CN109739250B - Self-adaptive finite time attitude control model acquisition method - Google Patents

Abstract

A self-adaptive finite time quantitative control method is provided for an aircraft system with quantitative input, and the self-adaptive finite time quantitative control method improves the control precision of the system and has the characteristic of high convergence speed, thereby realizing the control scheme of the aircraft to reduce communication traffic without influencing the stability and the control performance of the communication traffic.

Description

Self-adaptive finite time attitude control model acquisition method

Technical Field

The invention relates to a method and a system for acquiring a self-adaptive finite time attitude control model, a controller and a control method, in particular to a method and a system for acquiring a self-adaptive finite time attitude control model, a controller and a control method which are mainly applied to attitude control of a modular aircraft.

Background

In recent years, the modular spacecraft is paid attention, the modular spacecraft adopts a modular open network architecture, and various components of the spacecraft are modularized and assembled by utilizing the basic idea of a plug-and-play system, can reduce the cost of the spacecraft, accelerate the assembly speed, facilitate the easy disassembly and replacement of defective or outdated components, the core technology of the modularized spacecraft is wireless data communication and wireless power transmission, which is different from the traditional cable interconnection which is heavy, large and inflexible, under the technology, all functional components of the spacecraft are mutually independent and connected through a low-cost wireless network, however, the bandwidth and computational power of the wireless network responsible for data transfer between the actuator module and the control module is limited, therefore, it is important how to design a control scheme for a spacecraft to reduce traffic without affecting stability and control performance.

Disclosure of Invention

The object of the present invention is a method for obtaining an adaptive finite time attitude control model,

the object of the present invention is an adaptive finite time attitude control model acquisition system,

the object of the invention is an adaptive finite time attitude controller,

the object of the invention is a method for adaptive finite time attitude control.

In order to overcome the technical drawbacks mentioned above, it is an object of the present invention to provide an adaptive finite time attitude control model acquisition method and system, a controller and a control method, thus implementing a control scheme in an aircraft to reduce traffic without affecting stability and control performance.

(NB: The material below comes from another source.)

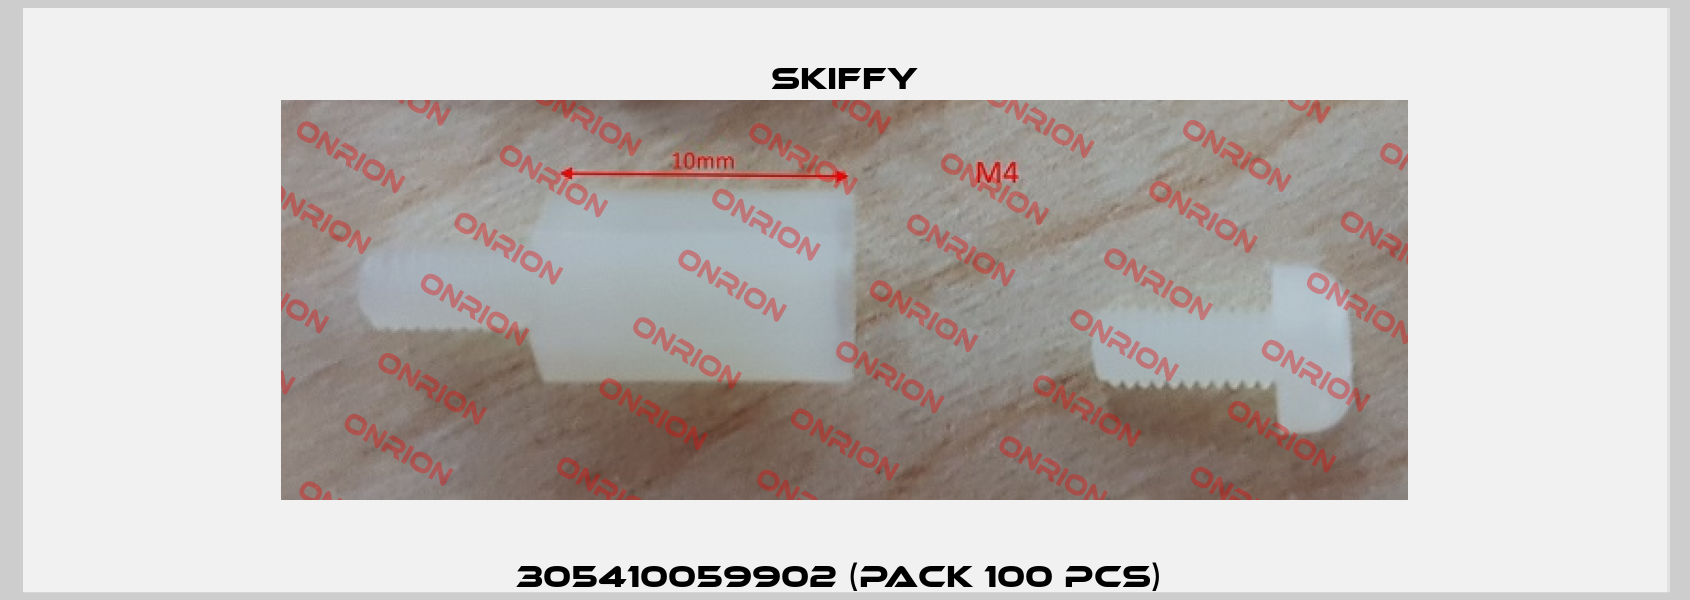 305410059902 (pack 100 pcs)  Skiffy

In order to achieve the purpose, the invention adopts the technical scheme that:

a self-adaptive finite time attitude control model acquisition method comprises the following steps:

establishing an aircraft dynamics model and an attitude model containing external interference and quantitative input,

defining a state variable measurement error, obtaining a system model defined by the measurement state based on the model of the aircraft and the measurement error,

and (3) introducing the differential of the sliding mode differentiator estimation part signal by using an exponentiation integration method to obtain a design scheme of the self-adaptive finite time quantization controller of the aircraft.

Due to the design of the steps, the self-adaptive finite time quantization control method is provided for the aircraft system with the quantization input, the control precision of the system is improved, and the convergence speed is high, so that the control scheme of the aircraft is realized to reduce the communication traffic without influencing the stability and the control performance.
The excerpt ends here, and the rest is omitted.